If it helps anyone else, we’ve found that for our hardware of a dual proc DigitalOcean with 4GB seems to fall behind with a default ‘rebake old posts’ set to 80. We’ve been going for a few years and have a lot of image intensive posts, so YMMV.
Our sidekiq was clear of PostProcess jobs about 12 hours ago, but it’s crept up to about 4,500 enqueued again this morning, causing delays in new post processing.
I’ve set the rebake_old_posts_count value to ‘20’ and it seems to be slowly making headway now. The setting can be found via admin here:
@sam even though this is an unusual rebake, being especially CPU intensive (and I imagine some S3 back/forth as well), is there a way that this rebake value could be backed off if sidekiq is backlogged so much? I’m not meaning anything too complex an algorithm, just something that could automatically half it if the system is increasingly getting behind?
I know you guys are (rightfully) hosting tech-agnostic with Discourse, but the ideal for AWS S3 image hosted people would be moving the image processing AWS Lambda side. I’ve done that on Rails systems when it was javascript and imageMagick (moving it away from background work on the Rails side) and it works pretty well (as S3 can trigger a function on ObjectCreate completely on the AWS side, build a hierarchy of resized images etc).
Theoretically it’s got even easier now with AWS Lambda Ruby official support. You might be able to use the same image processing code on the Lamda side. The downside would be the AWS config API cruft to set up the trigger events etc.
Not that great an idea, but I thought I’d throw that out there for long term chewing.
Yeah, it is an idea I have thought about in the past but we would need a custom image for this do line up all the right versions of image magick and so on. We may get there one day but odds are this is going to be in the “mega enterprise” type of setup.
In theory you can run an AWS AutoScalingGroup that runs the Discourse image, with 0 unicorns, some sidekiqs, and autoscale based in Sidekiq queue size.
We almost did this for a customer, but managed another cheaper way.
Running stuff with the same base image instead of a custom lambda setup (that adheres to the lambda function size restriction) allows us to have only one code path to keep working, instead of two different ways to do the same, debug, update, keep in sync, etc.

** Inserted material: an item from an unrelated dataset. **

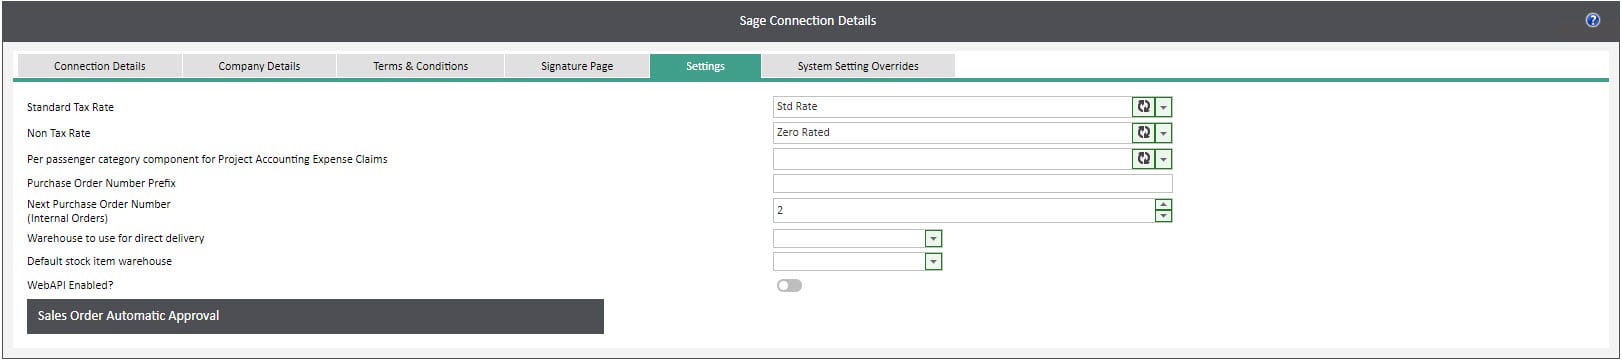 Sicon WAP System Settings Help and User Guide - WAP System HUG Section 29.5 Image 1

…and it fitted what we needed, which was async processing of uploaded or edited images, but with processing just on the AWS side. It allowed us to go browser → S3 direct, and then by naming convention (or object path in terms of S3) we could rely on the optimization/resizes used by convert without worrying the Rails server side queues with work.
I think what you do with Discourse needs to cover much more feature points, and I agree with you that duplicating that side to support those with, or without, AWS would be a dev pain, and probably not worth it. I just like the general approach as it is one of the few genuine approaches where a Lambda function platform could be useful for surged scale stuff.

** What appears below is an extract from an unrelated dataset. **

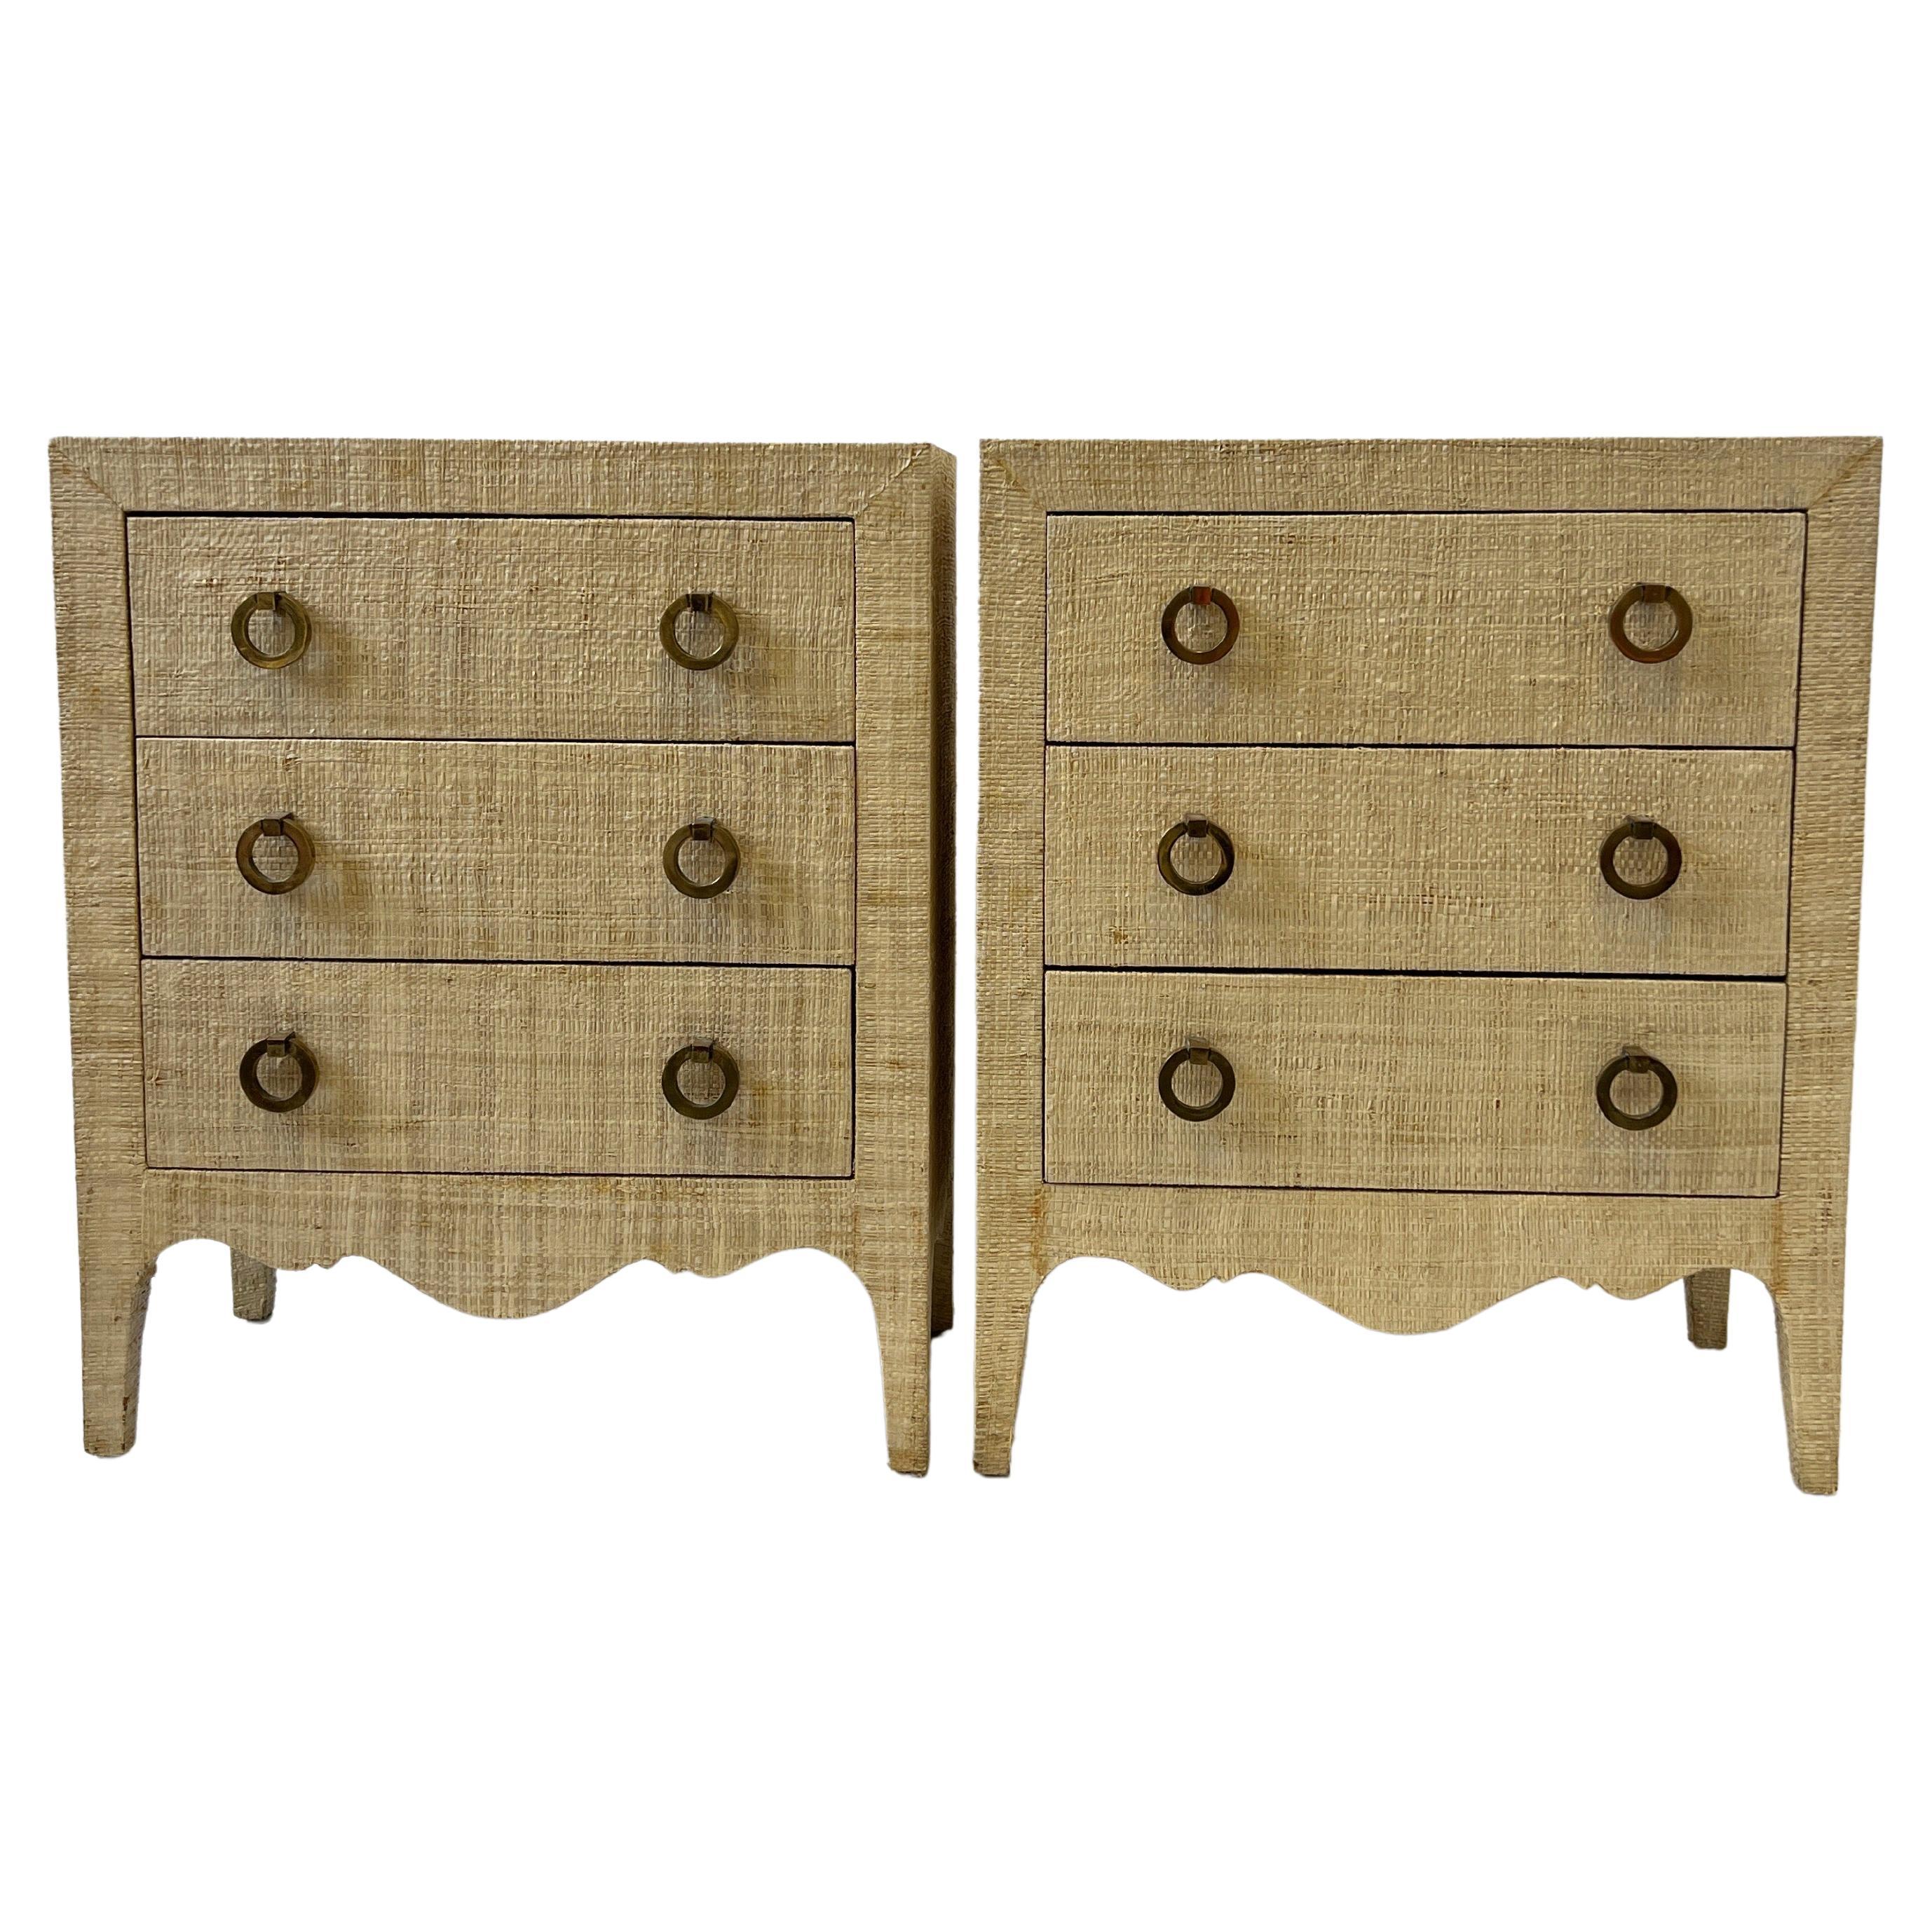 Pair of Grasscloth and Brass Night Stands

Yep the tradeoff is exactly this. We would be building a new path for 0.01% of the sites, that would increase dev complexity by 100%.
Something we may pursue in custom plugins for
I was toying with a project for this but for doing videos.
Transcoding those is out of reach for most VPSs out there, and a more acceptable trade off, for a way better user experience, with multiple resolutions, codecs, etc.
We ended up using Elastic Transcoder for this, with some Lambda’s triggered from S3 to feed the encoding pipeline with jobs. We used SNS notifications when the encoding was complete to remove the original unencoded blob etc. It works pretty well, and ended up being the simplest thing that worked.
We tried various approaches, with pure Lambda and FFmpeg, and then a small EC2 image autoscaled, and in the end discovered we were pretty much rebuilding Elastic Transcoder anyway. As per AWS, it’s not great value, but for dev experience it worked well enough.
Why can’t new posts jump the queue here, so they get processed first? It seems odd that background image rebuilds of old posts would pre-empt a new post someone just made.
Basically real new posts someone just made get inserted at the head of the queue, rebake requests for old existing posts get inserted at the back of the queue?
At the moment the rebake happens in the “low priority” queue. New posts happen in the “normal” queue.
However, if we can not keep up we can starve the “low” queue, it includes the jobs “notify mailing list”, “pull hotlinked images”, “create avatar thumbnails”, “anonymize user”, “send user emails”, “update username for username renames”
We can introduce a “super low priority” queue purely for rebakes, but it seems rather complicated to me.
Conceptually it does seem there is a reasonable need for a “we don’t even care if this ever gets done, really” queue priority. Basically a priority below low, like “nice to have”.
Because we do care about the other stuff, but these rebakes? If they fail to happen it really does not even matter, does it? I mean we could start over, do it next month, etc.